● Goal of the exercise
Restate word for word the lines below that run from the one holding "Шампунь Golf Refreshing" through the one holding "中国航展发布官方标识，公众日门票将于7月中旬上线销售", inclusive. Pictures don't belong in the copy.

● Dataset excerpts

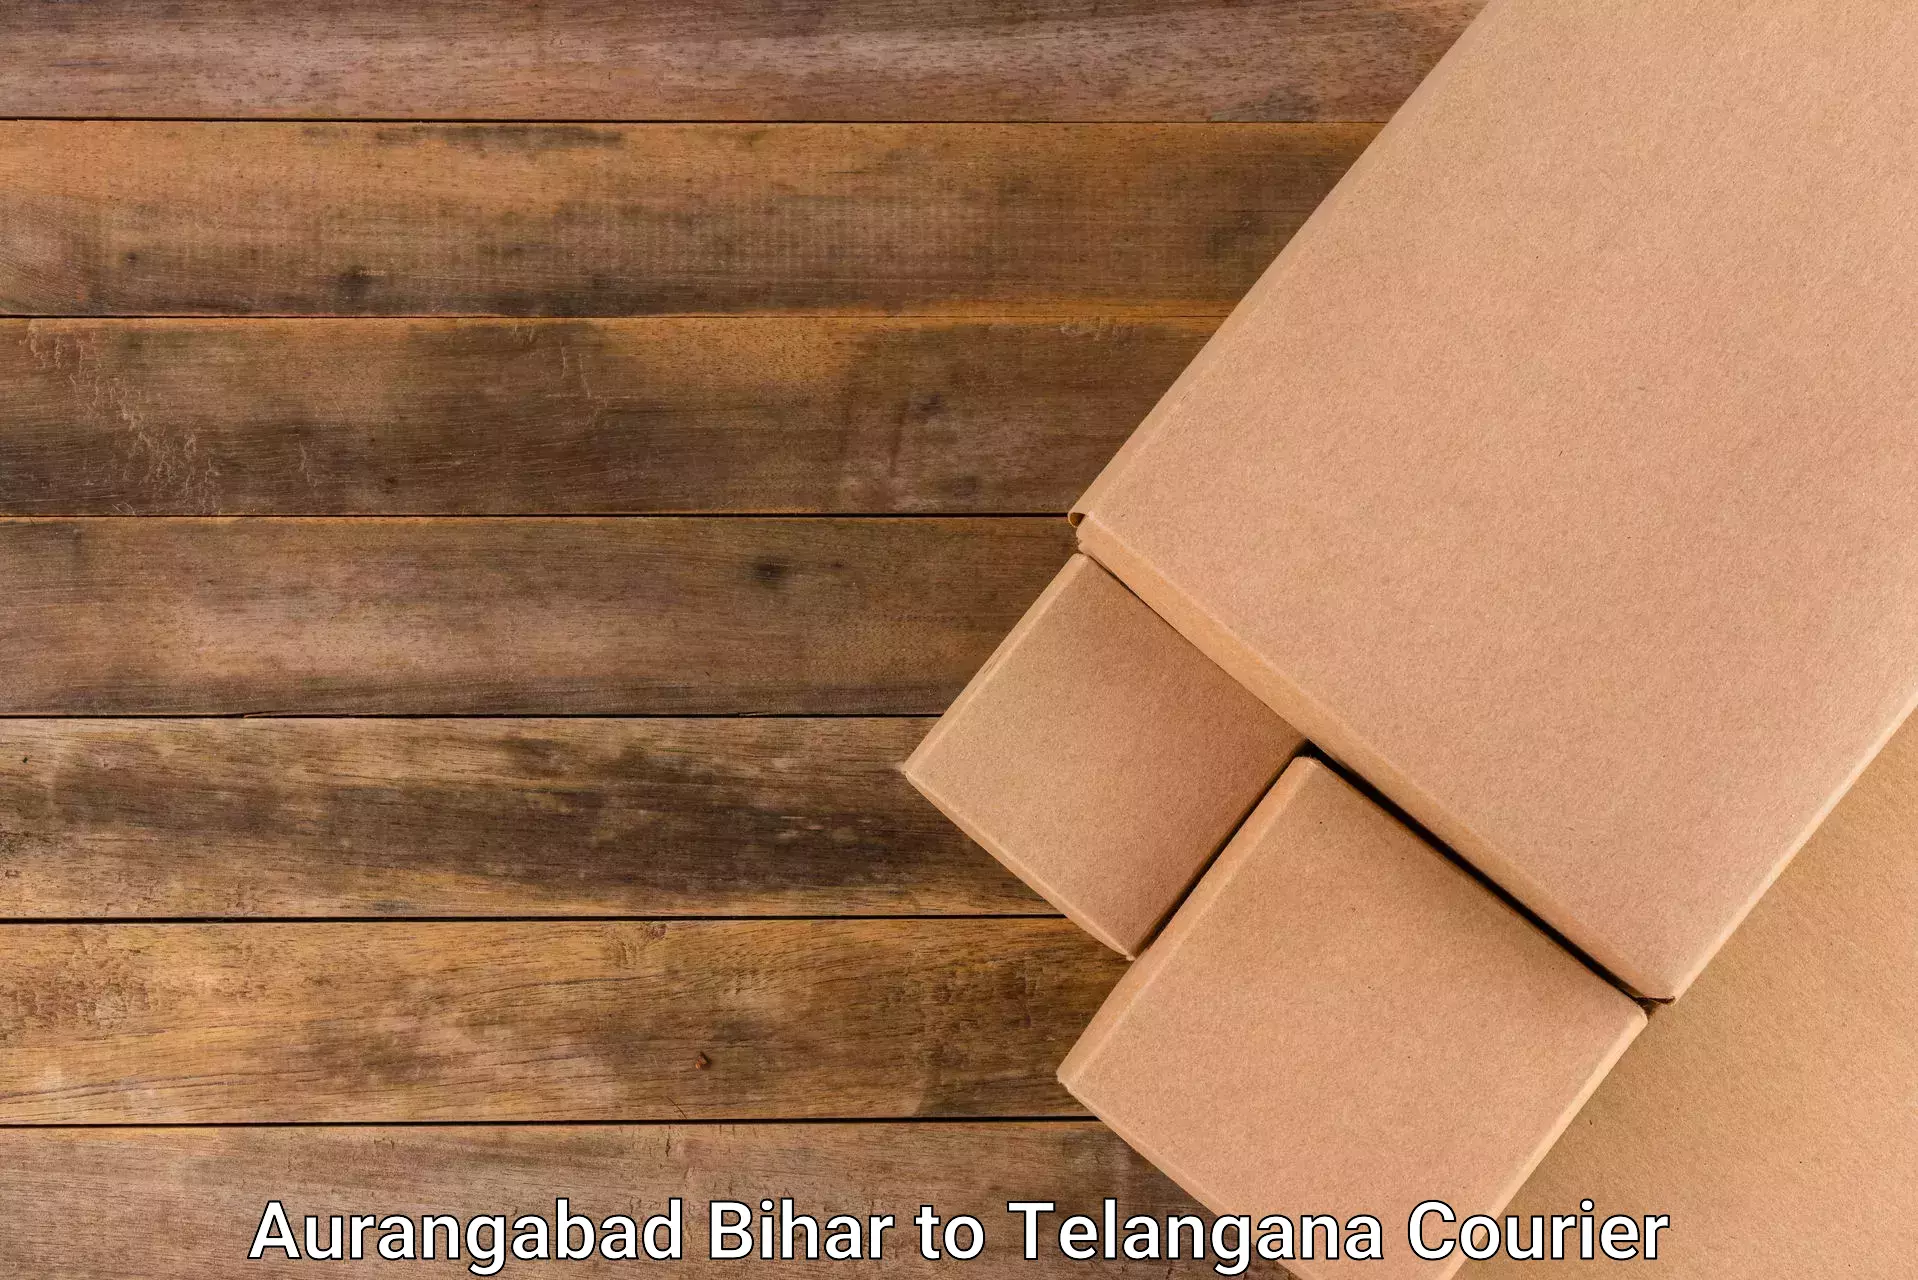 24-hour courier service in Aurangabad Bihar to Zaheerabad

* * *

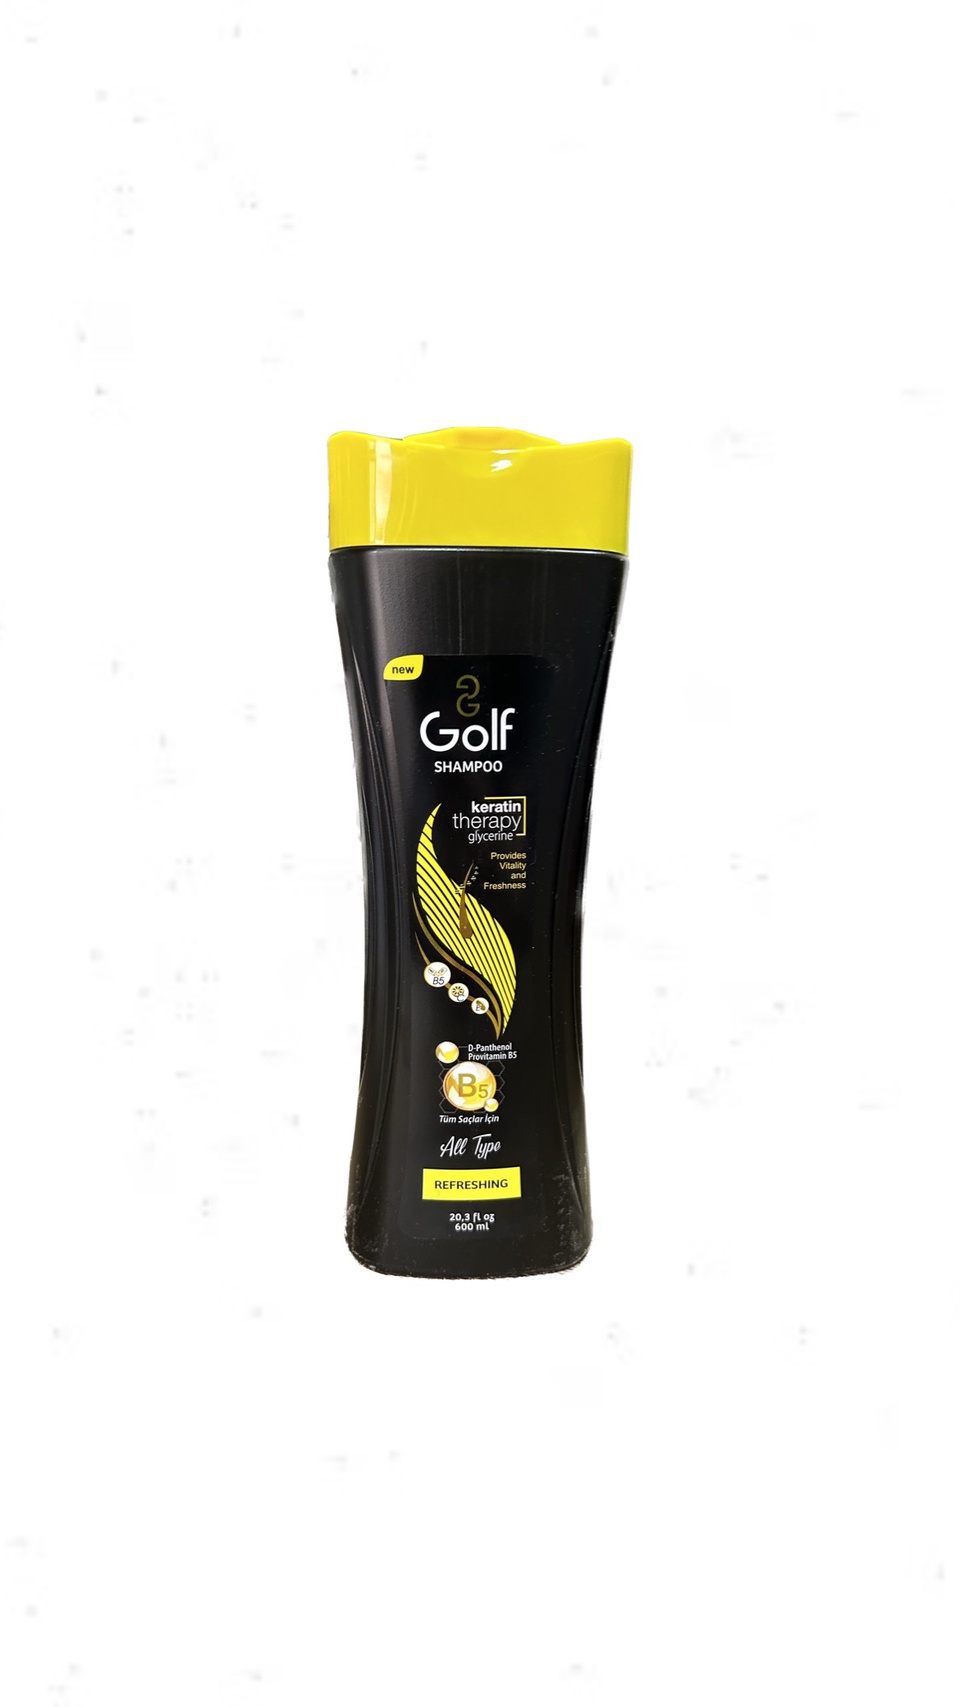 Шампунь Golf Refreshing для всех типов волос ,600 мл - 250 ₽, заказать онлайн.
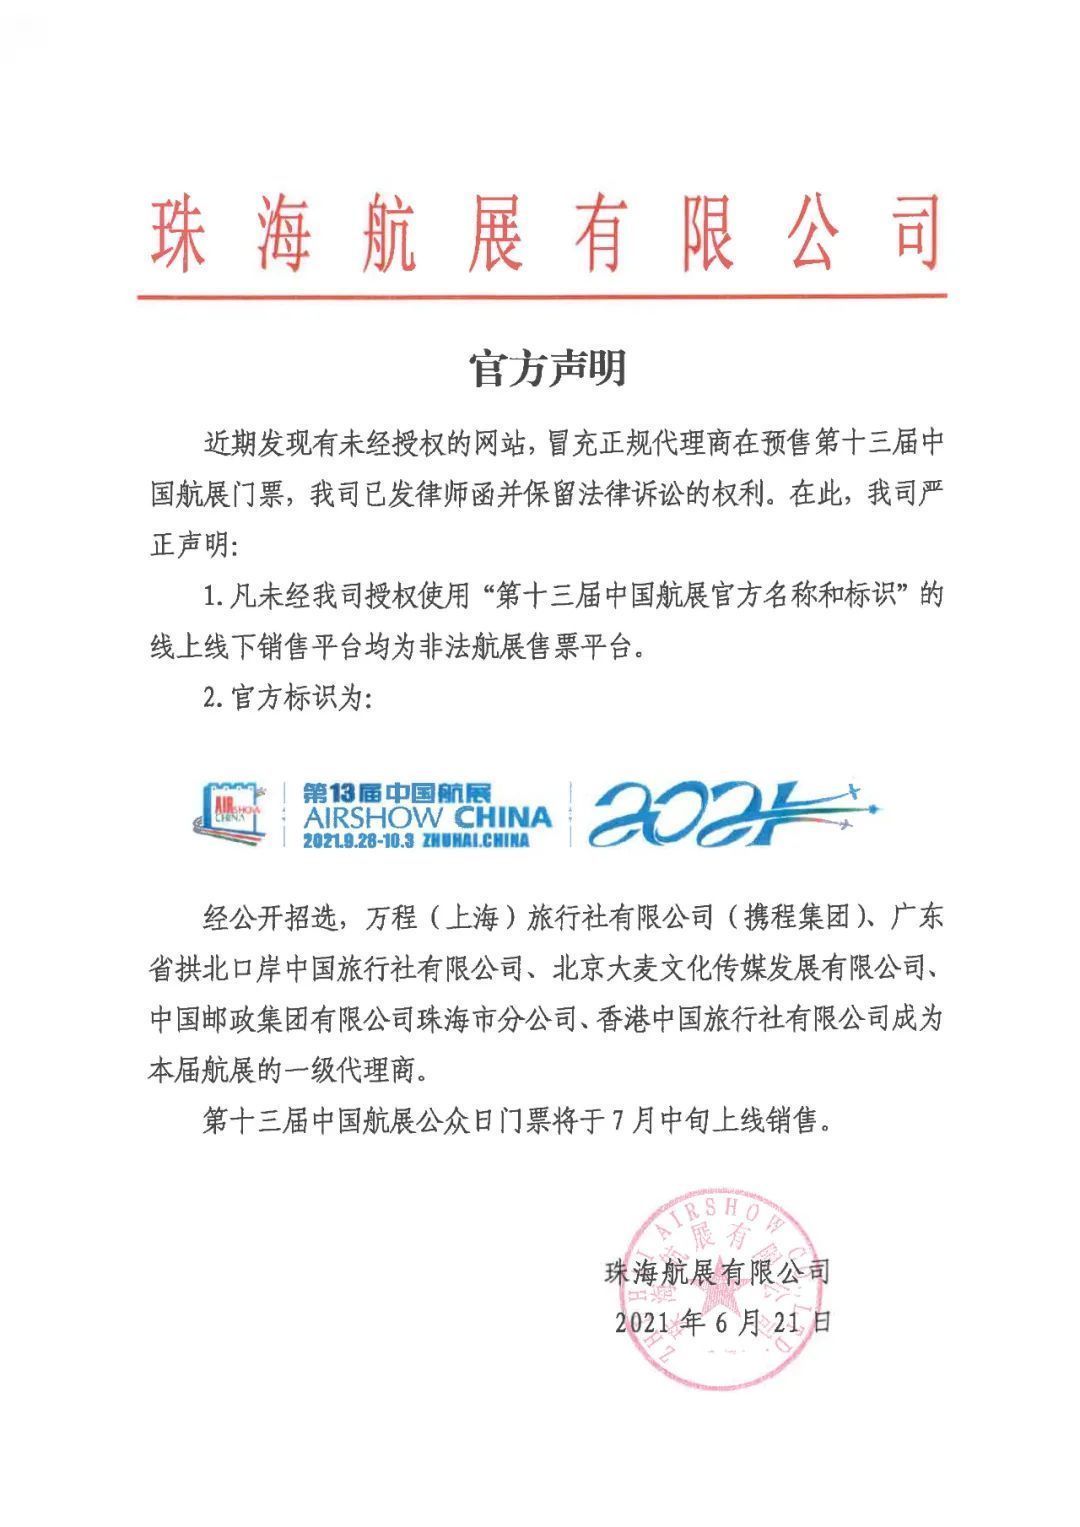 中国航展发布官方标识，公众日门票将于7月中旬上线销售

● Written answer
 Шампунь Golf Refreshing для всех типов волос ,600 мл - 250 ₽, заказать онлайн.
 中国航展发布官方标识，公众日门票将于7月中旬上线销售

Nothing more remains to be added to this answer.